Già 14 anni prima, egli aveva usato lo stesso
motivo della mano che regge un oggetto. Ma in questa
incisione sul legno del 1921, si tratta di una pigna.
Anche qui è contenuto un messaggio preciso; la
forma particolare della pigna sembra rinchiudere in
sé tutte le altre forme possibili. La pigna ‘parla’;
ma chi la fa parlare è proprio l’artista
capace non solo di guardare ma, più importante,
di vedere. Solo con l’occhio si può penetrare
l’enigma del mondo, studiando sia le piccole cose
sia l’insieme della creazione. “Voglio trovare
la felicità nelle cose più piccole”,
scriveva nel 1922, “e voglio realizzare ciò
che da molto tempo desidero fare, cioè copiare
quanto più sia possibile le cose infinitesimamente
piccole consapevole delle loro dimensioni”. Durante
il suo primo viaggio in Italia, Escher scriveva da Urbino
dove si era recato il 29 aprile 1922, che doveva rimanervi
per mesi “per imparare a capire queste colline
ondulate e la vegetazione lussureggiante”.
Per Escher, l’occhio era uno strumento divino;
vedere doveva diventare visione; e la visione elevarsi
ad una visione pura da concretizzare però su
carta. Solo quando lo spazio diventa linea, la linea
può liberarsi nello spazio anche se solo immaginario.
Per Escher, creare, cioè fare arte,
era una forma di alchimia sapiente. Era un lavoro continuo,
senza tregua; una missione, testimonianza di una religiosità
mai espressa come tale. Una religiosità che spingeva
l’artista olandese a tentare di unire tutto ciò
che appariva frammentario. Tutta la sua arte assume
così l’aspetto di una forma di pellegrinaggio
continuo, secolare, ma sempre mentale. Il viaggio in
Spagna, i viaggi in Italia erano anche viaggi attraverso
se stesso, viaggi di recupero in cerca di una armonia
che solo l’occhio poteva riscoprire in ogni cosa,
in ogni paese, nella terra e nel mare. Navigare era
per Escher una necessità spirituale. Amava le
barche. Una xilografia del 1937 in apparenza non significativa
rivela, in questo contesto, tutte le sue idee. Vi è
raffigurato l’oblò della barca sulla quale
viaggiava. La finestra è aperta. E proprio nell’oblò
appare un’altra barca che quasi misteriosamente
sembra essere sospesa in un mare che si scioglie nell’aria.
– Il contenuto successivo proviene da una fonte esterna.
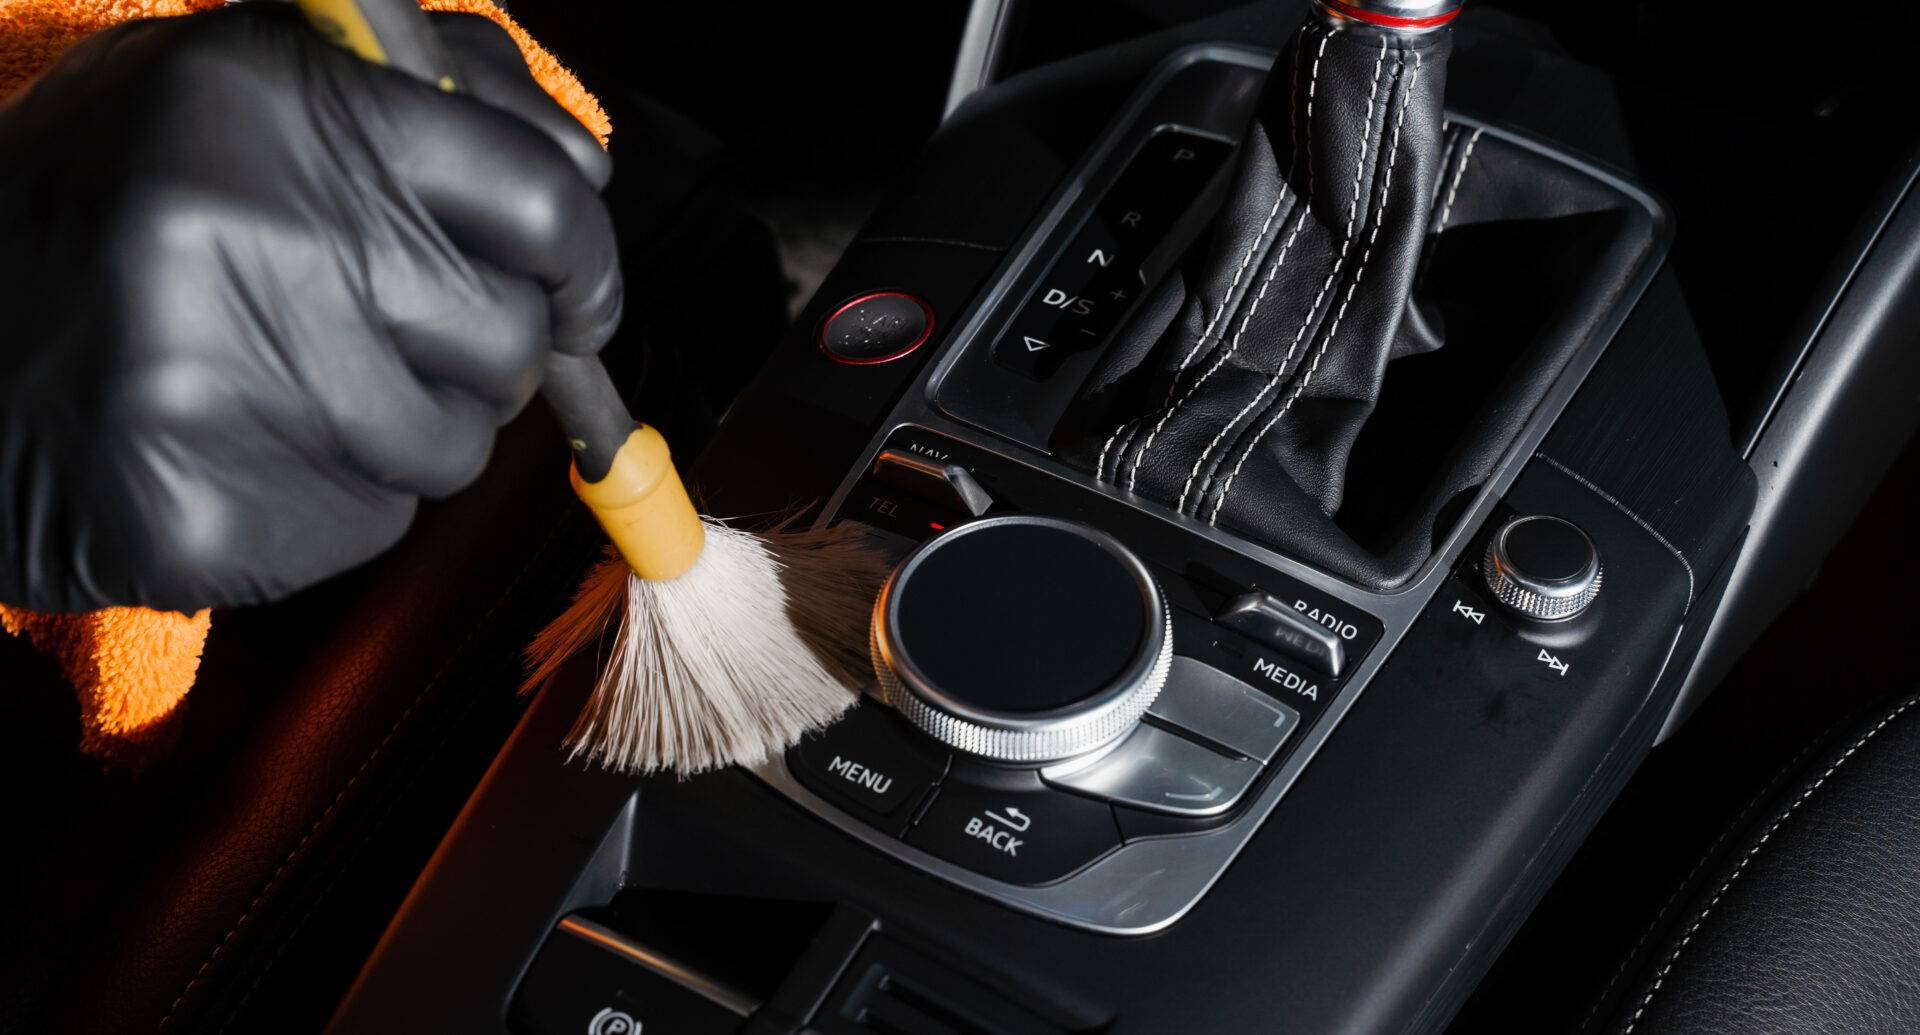 Dry cleaning with brush of gearbox and dashboard in car. Auto detailing service. Cleaning individual elements of black leather interior in auto.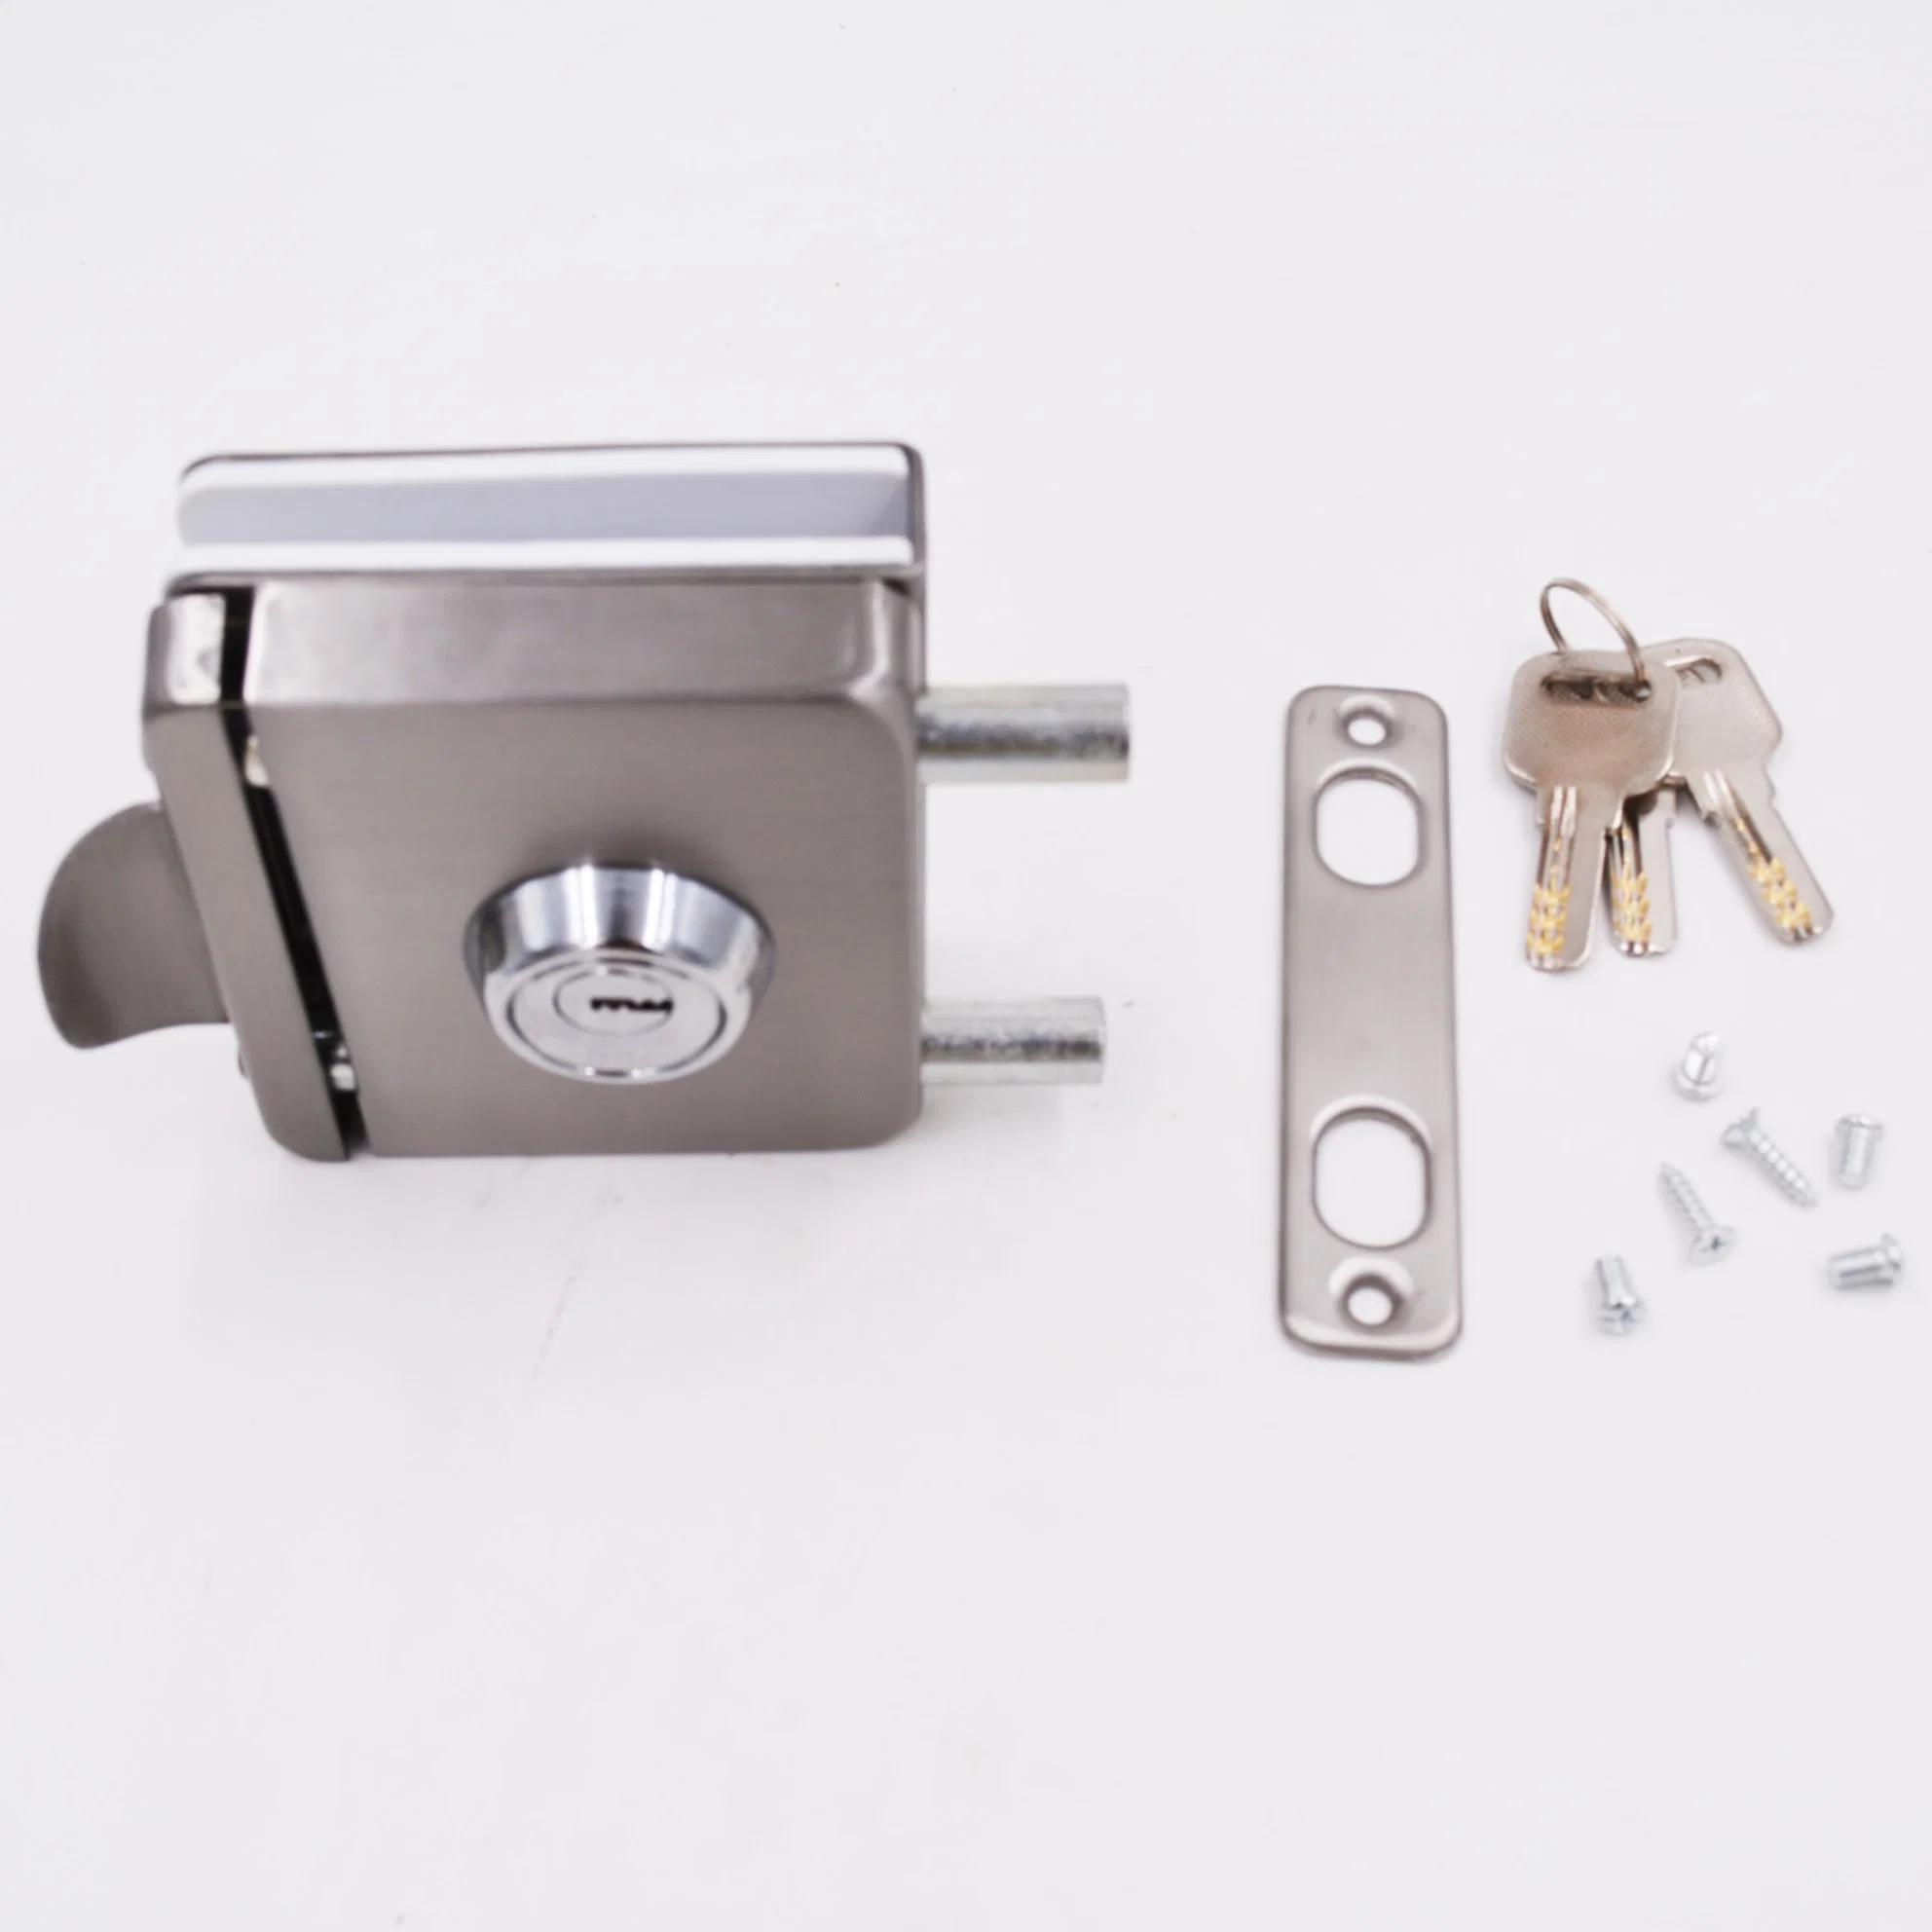 Keyi Metal Kg-14s Glass Door Lock for Single Side Glass Door with Brass Cylinder and Brass Keys

Così la barca in cui Escher disegnava questa
immagine si rispecchia nell’altra barca che appare
nell’oblò. E quell’oblò stesso
diventa occhio, specchio. Ogni immagine evoca l’altra,
così da formare una catena ciclica. In una continua
associazione tutte le immagini si trasformano in immagini
che solo nel loro insieme rivelano il proprio significato.
Sono riflessioni di un viaggio che non finisce se non
con la morte. Questo viaggio dell’occhio, un viaggio
in cui Escher cerca l’essenza delle cose create
e della stessa creazione è insieme viaggio nell’occhio;
un viaggio interiore che in un solo sguardo vuole capire
le apparenze. Escher vuole entrare nelle cose perché
solo così può penetrare anche in se stesso.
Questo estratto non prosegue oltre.